The stretch wanted below opens at the line containing "Brasil enviará missão" and closes at the line containing "Ron a Senigallia". Please return it exactly, with no other lines.

THE DATA:

----

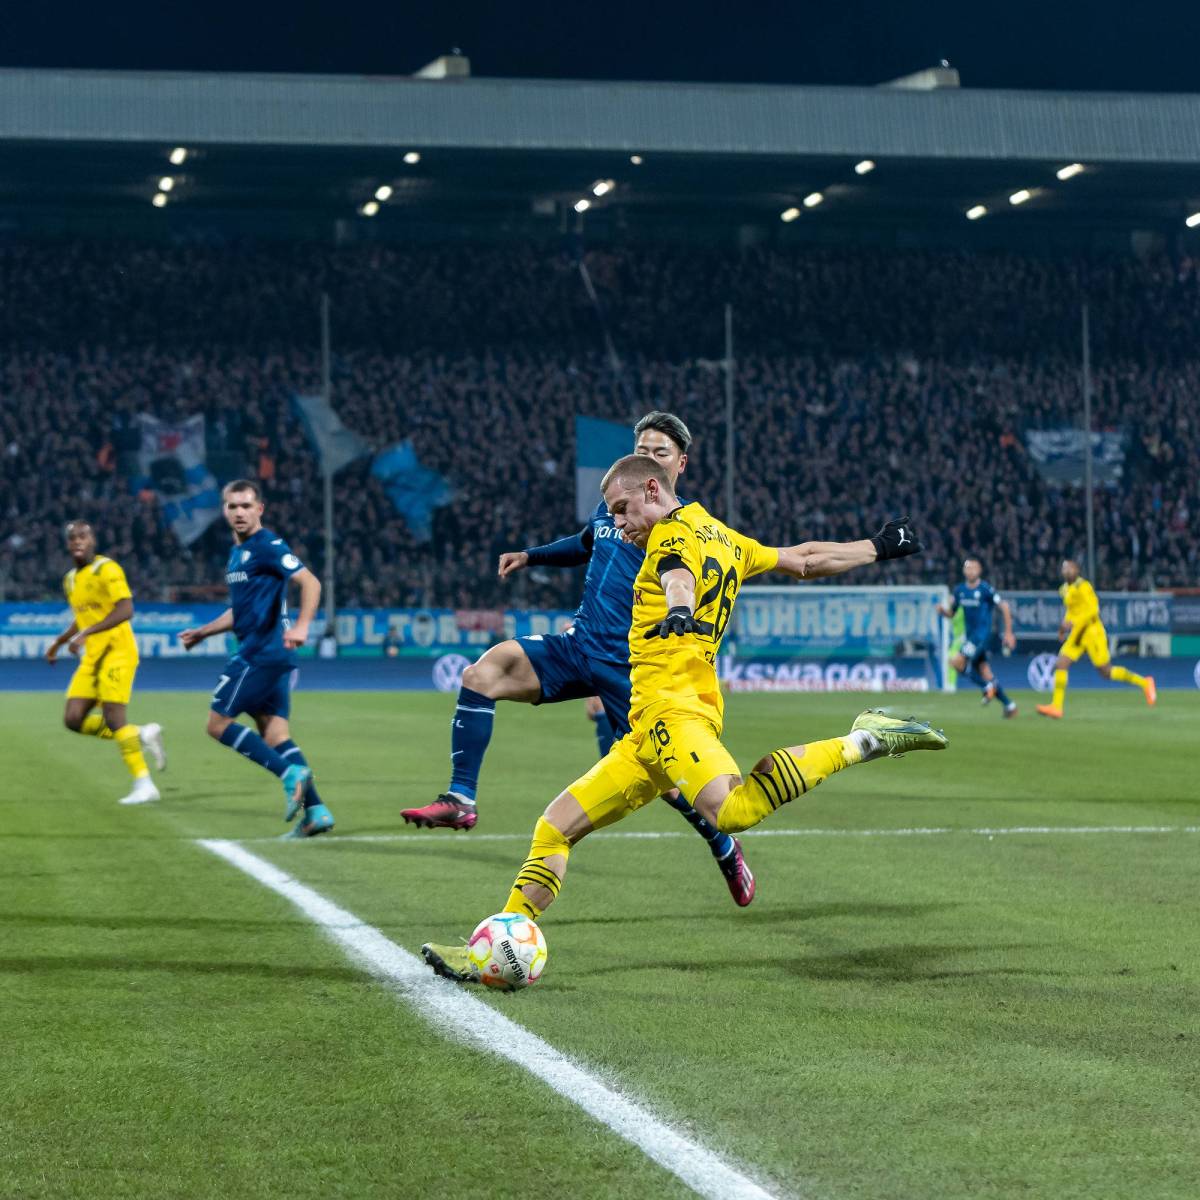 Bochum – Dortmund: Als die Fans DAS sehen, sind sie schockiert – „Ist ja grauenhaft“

----

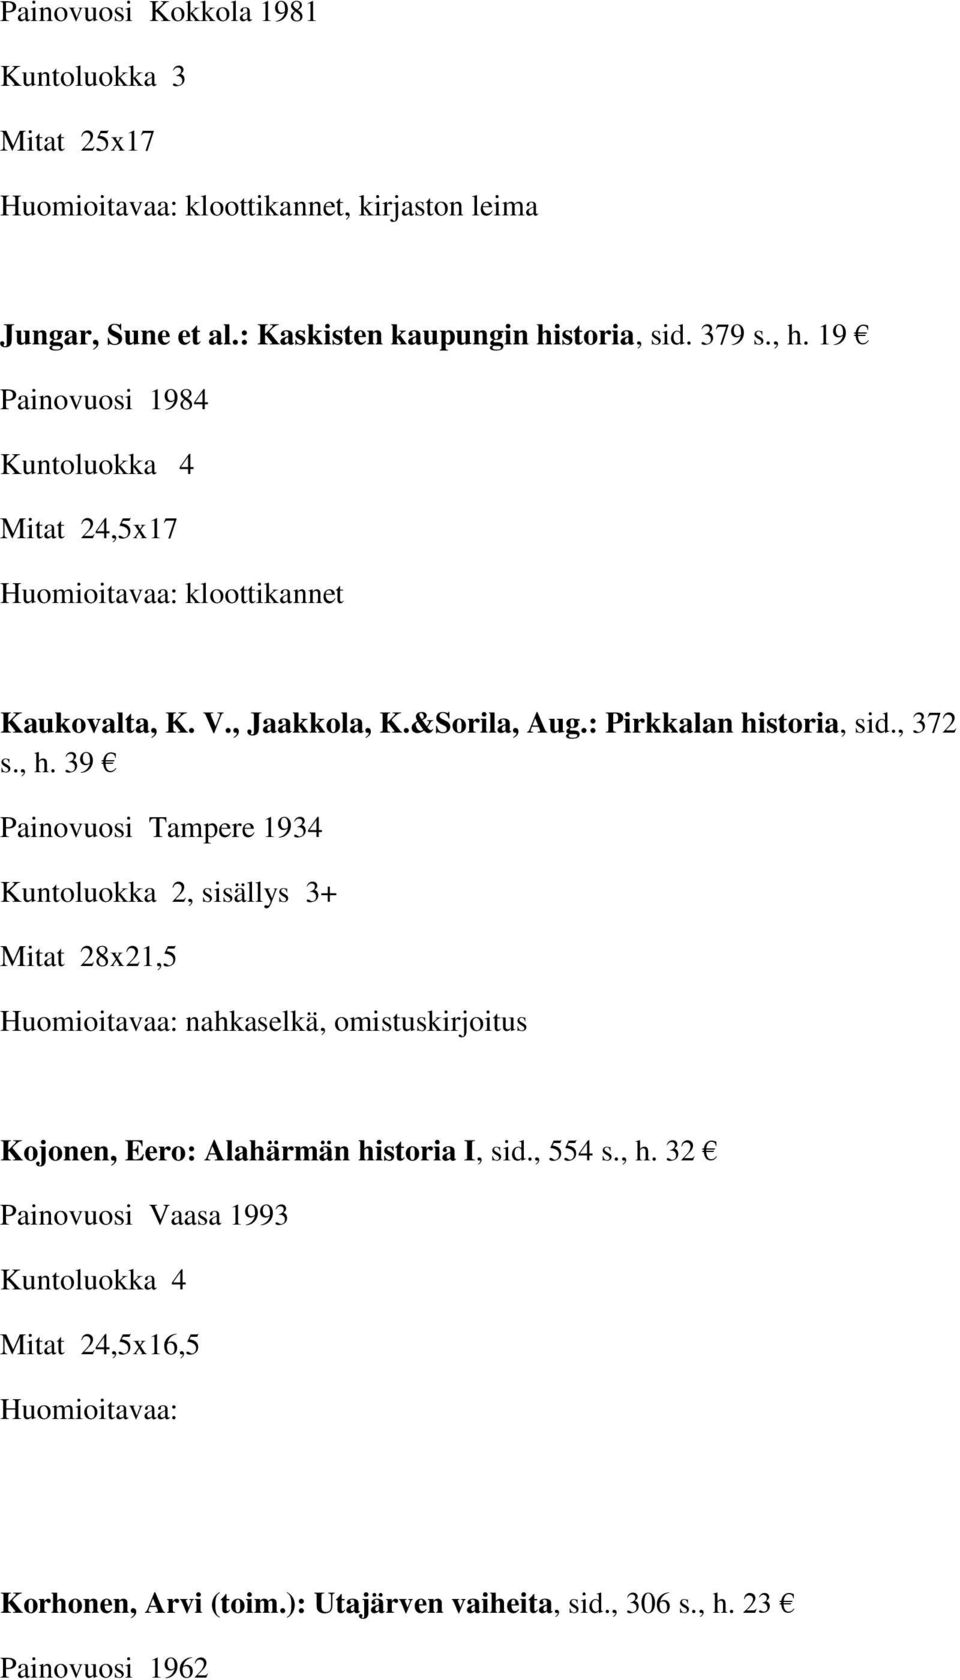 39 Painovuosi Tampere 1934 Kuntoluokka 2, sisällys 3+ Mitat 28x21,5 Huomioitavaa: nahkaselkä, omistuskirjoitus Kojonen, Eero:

----

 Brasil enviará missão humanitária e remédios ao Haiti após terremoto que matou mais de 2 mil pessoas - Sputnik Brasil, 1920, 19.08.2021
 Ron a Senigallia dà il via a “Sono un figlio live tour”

----

TASK OUTPUT:
 Brasil enviará missão humanitária e remédios ao Haiti após terremoto que matou mais de 2 mil pessoas - Sputnik Brasil, 1920, 19.08.2021
 Ron a Senigallia dà il via a “Sono un figlio live tour”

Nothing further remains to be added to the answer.